Another correctional officer searched appellant’s cell following the incident and found an instrument that had a sharp edge at one end. The other end of the instrument was wrapped as if to fashion a handle. The instrument was admitted into evidence. The officer testified that the instrument appeared to have come from a mirror and was hidden in a tiny space below the sink in appellant’s cell. Officer Ojiemuada knew of a weapon that was eventually recovered from appellant’s cell during the search, but he did not see that weapon recovered in the search.

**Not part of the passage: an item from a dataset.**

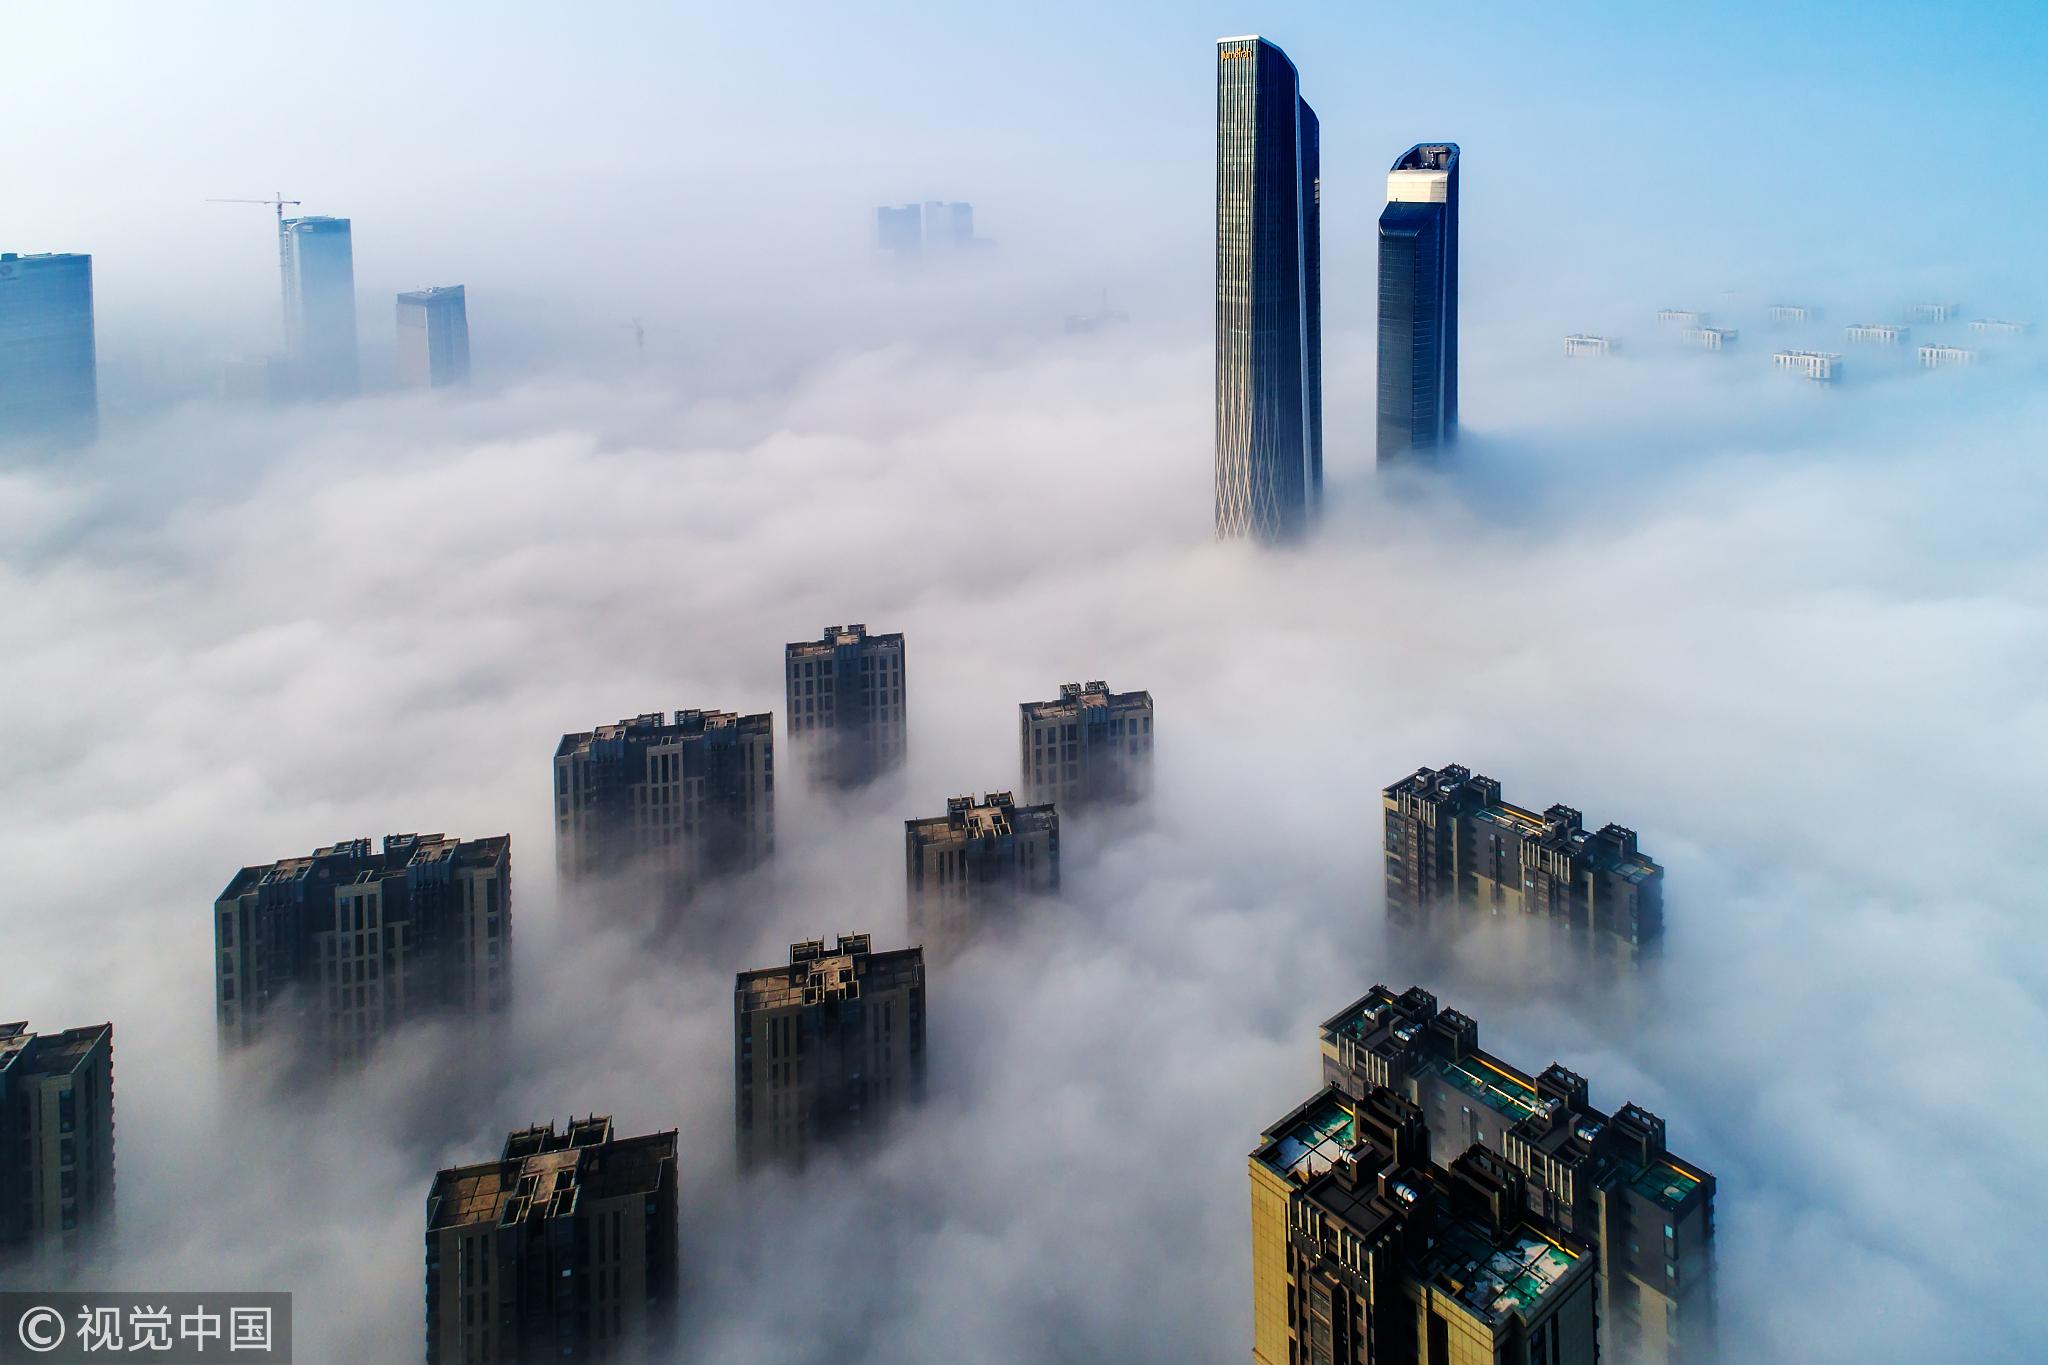 南京河西云海茫茫 双子楼矗立其中

An investigator at the correctional center processed the instrument for fingerprints, finding three partial prints, although the quality of the prints rendered the prints unusable for comparison. The investigator opined that the instrument found in appellant’s cell was a weapon capable of causing serious bodily injury or death.
The jury found appellant guilty of the charged offenses. The trial judge assessed punishment at fifty years’ confinement for each count. The trial judge ordered the sentences to be served concurrently and to commence when the sentence appellant already was serving “ceases to operate.”

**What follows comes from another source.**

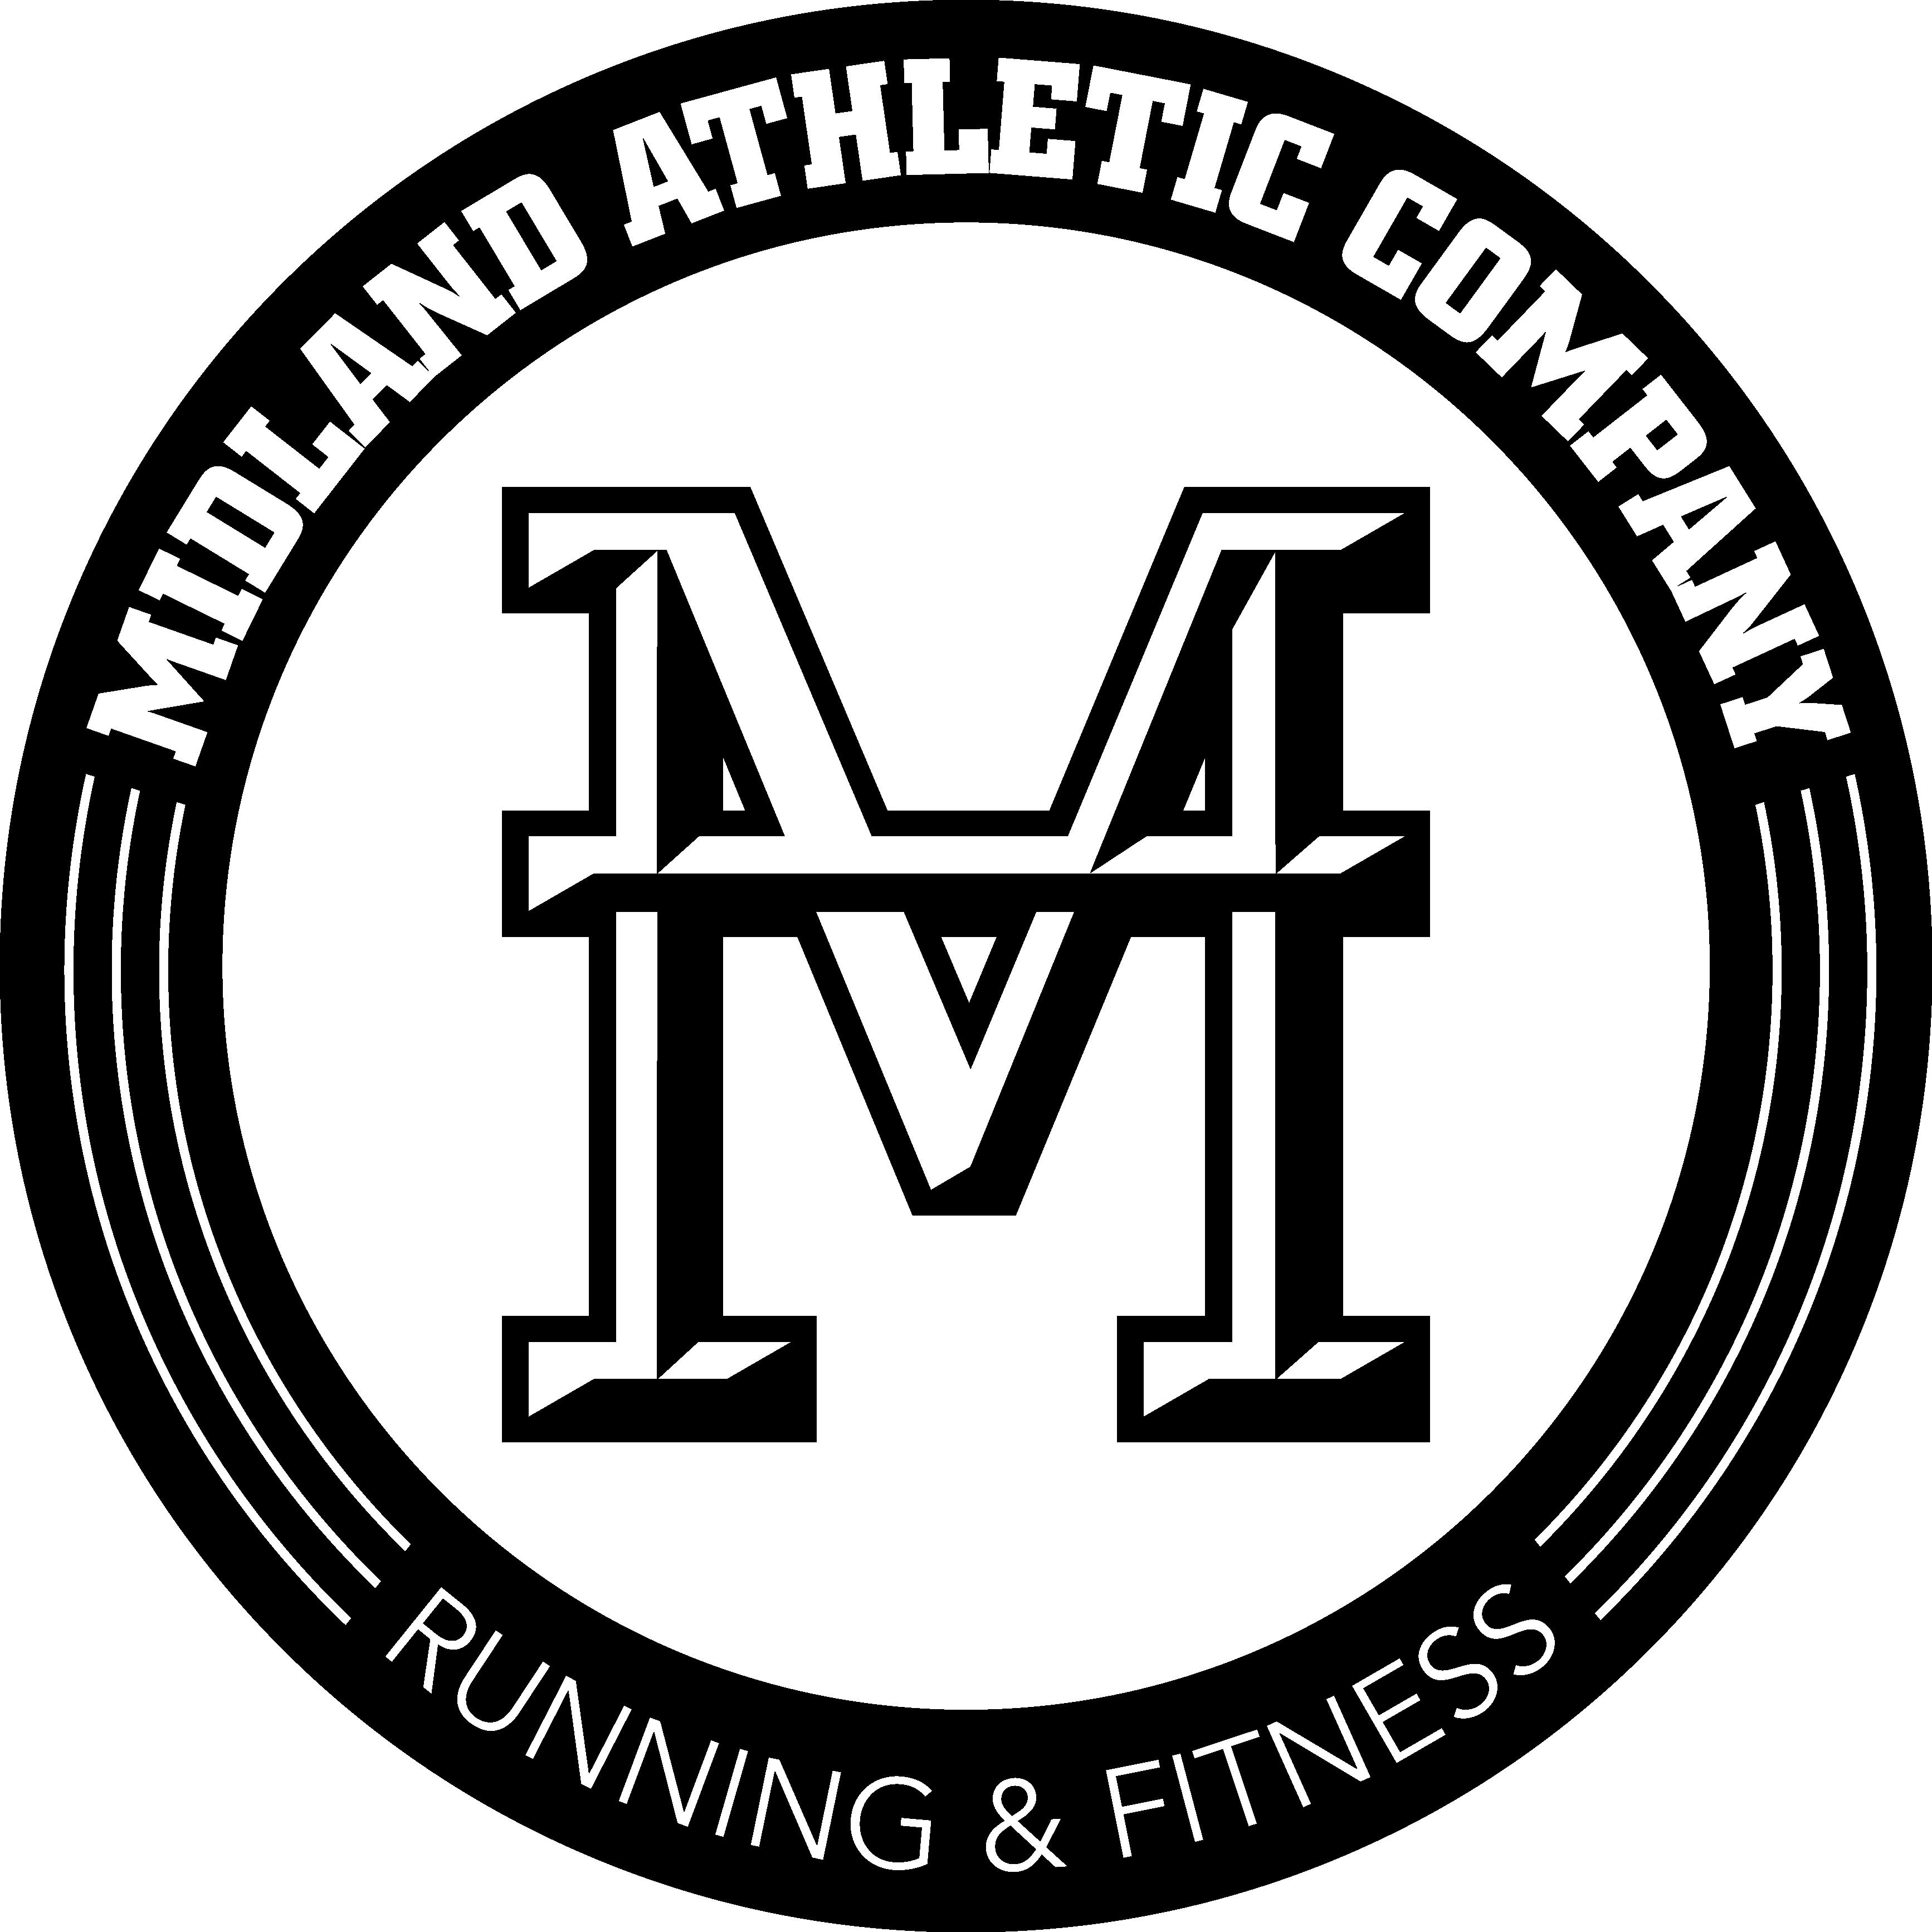 Af7ffc25-5123-409e-b1af-f48fe83bf40e

Legal Sufficiency Analysis
In a single issue, appellant challenges the legal sufficiency of the evidence to support his conviction for the offense of aggravated assault with a deadly weapon. When evaluating a challenge to the legal sufficiency of the evidence, we view the evidence in the light most favorable to the verdict. Wesbrook v. State, 29 S.W.3d 103, 111 (Tex. Crim. App. 2000). The issue on appeal is not whether we, as a court, believe the State’s evidence or believe that appellant’s evidence outweighs the State’s evidence. Wicker v. State, 667 S.W.2d 137, 143 (Tex. Crim. App. 1984). The verdict may not be overturned unless it is irrational or unsupported by proof beyond a reasonable doubt. Matson v. State, 819 S.W.2d 839, 846 (Tex. Crim. App. 1991). The jury, as the trier of fact “is the sole judge of the credibility of the witnesses and of the strength of the evidence.” Fuentes v. State, 991 S.W.2d 267, 271 (Tex. Crim. App. 1999). The jury may choose to believe or disbelieve any portion of the witnesses’ testimony. Sharp v. State, 707 S.W.2d 611, 614 (Tex. Crim. App. 1986). When faced with conflicting evidence, we presume the trier of fact resolved conflicts in favor of the prevailing party. Turro v. State 867 S.W.2d 43, 47 (Tex. Crim. App. 1993). Therefore, if any rational trier of fact could have found the essential elements of the crime beyond a reasonable doubt, we must affirm. McDuff v. State, 939 S.W.2d 607, 614 (Tex. Crim. App. 1997).
A person commits the offense of assault if that person intentionally, knowingly, or recklessly causes bodily injury to another. Tex. Penal Code Ann. § 22.01(a)(1) (Vernon Supp.